Re-entering medical school, Dr Palipana, overcame not only physical challenges, but the challenges posed by others, who didn’t believe in his ability to succeed as a doctor.  

University policy change 

The process even advanced as far as medical deans from Australia and New Zealand gathering to create a policy document that closes the door for medical students with sensory, emotive, psychological and auditory issues.  

“It was in 2015, just after I came back to medical school. I saw an email from a guy on the committee who knows me, who wrote that the policy should allow (them) the legal protection to exclude someone with a disability from studying medicine, or exclude someone already in medicine with a disability from continuing, or something along those lines,” Dr Palipana said.  

“That annoyed the hell out of me, and it also hurt.
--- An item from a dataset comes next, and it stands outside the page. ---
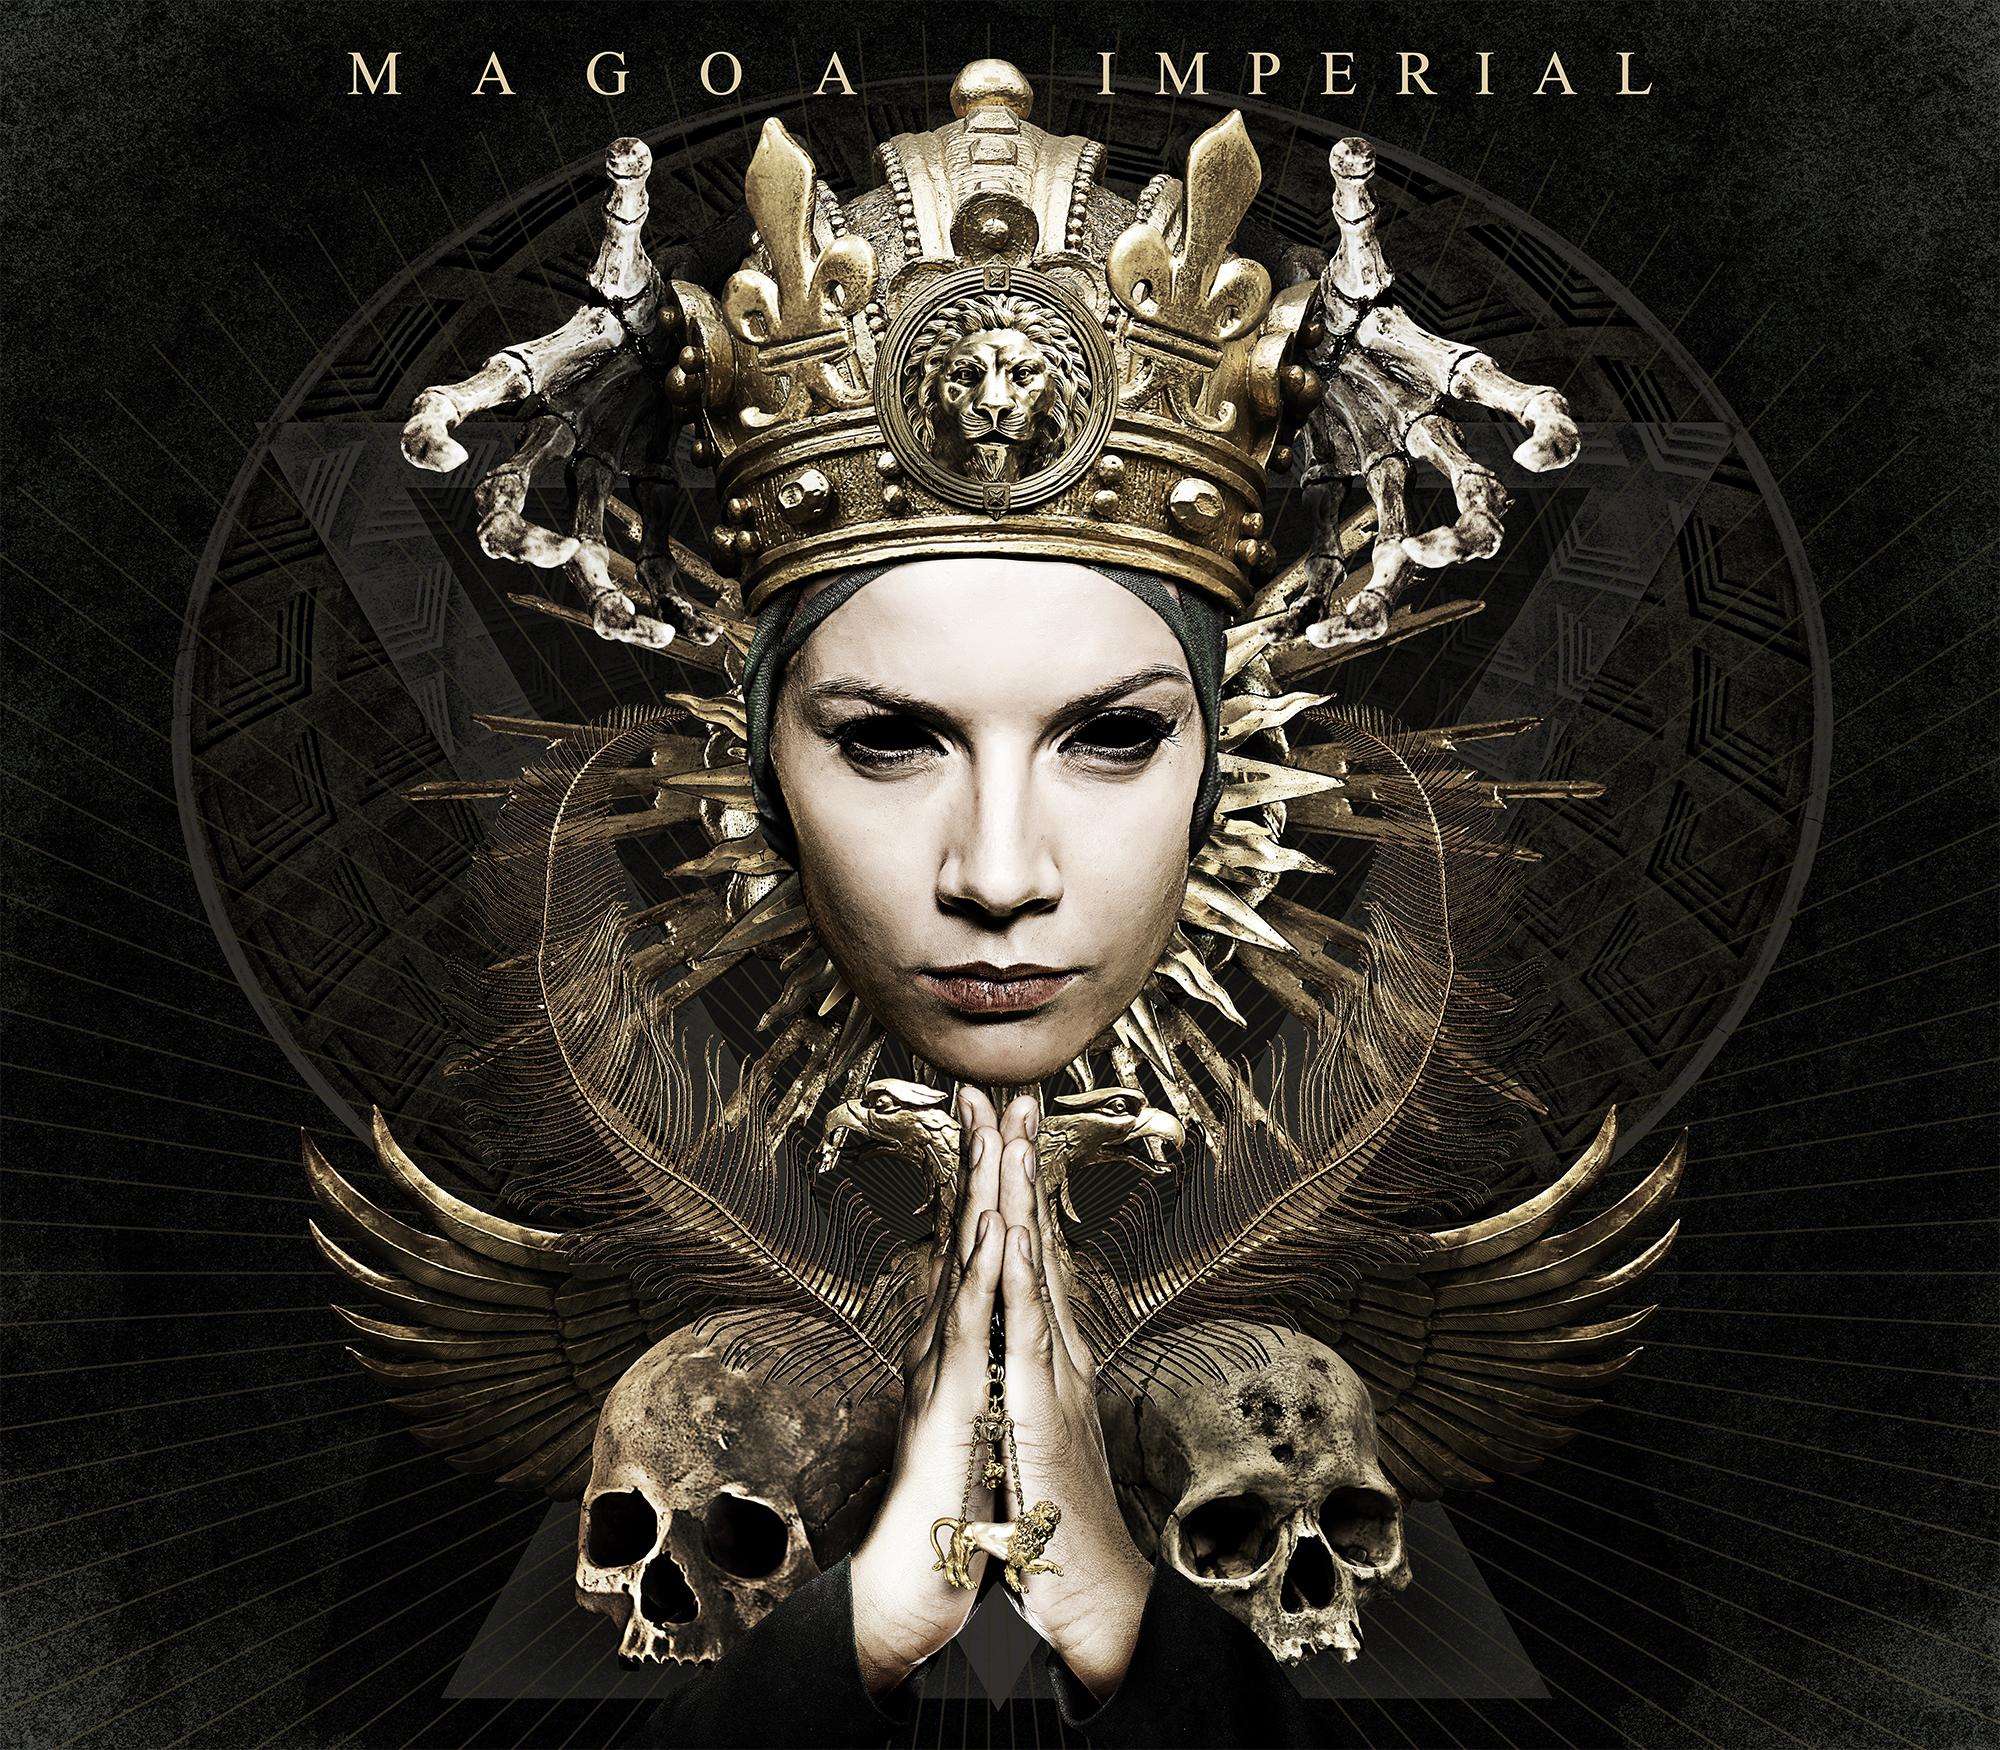 imperial-magoa

It’s like racism, when you’re attacked for something you can’t help about yourself.” 

But using it as a spur on, Dr Palipana went on to give input into the committee that’s rewriting that policy to be more inclusive, as well as making his way through medical school and graduating in 2016. 

Life as a quadriplegic doctor

Becoming an emergency doctor, Dr Palipana has smashed any barrier in his way, earning the respect of all in the process. 

A favourite among patients who never discount his ability, Dr Palipana has been a key speaker and advocate for medical education and disability.  

A member of the Perry Cross Spinal Research Foundation’s scientific committee, he has also set a course for assisting those with spinal cord injuries in the future, through pursuing research.  

Loving his career, Dr Palipana combines it with growing bold in facing his fears and fighting for a future for not only himself, but for others. 

And for the Queensland Australian of the Year, that’s what being bold is all about. 

‘It’s the best job in the world for me; I love everything about it, and I love the people most of all,” he said. 

“Those moments where you connect with people and you play a part in their journey, and you share that special moment is just awesome. It’s challenging, it’s unpredictable, and it’s varied… I really feel like I’m doing something where I can just help the community, which is a privilege.  

“We have so many barriers in our heads, we have fears, and we have so many barriers in society. You don’t necessarily have to have a disability, but it’s more pronounced when you do. 

“I think being bold is about having the courage to face those fears and push through to live the life you want. To do something valuable and to give something back, I think that’s being bold, and I think we all need to be doing that.”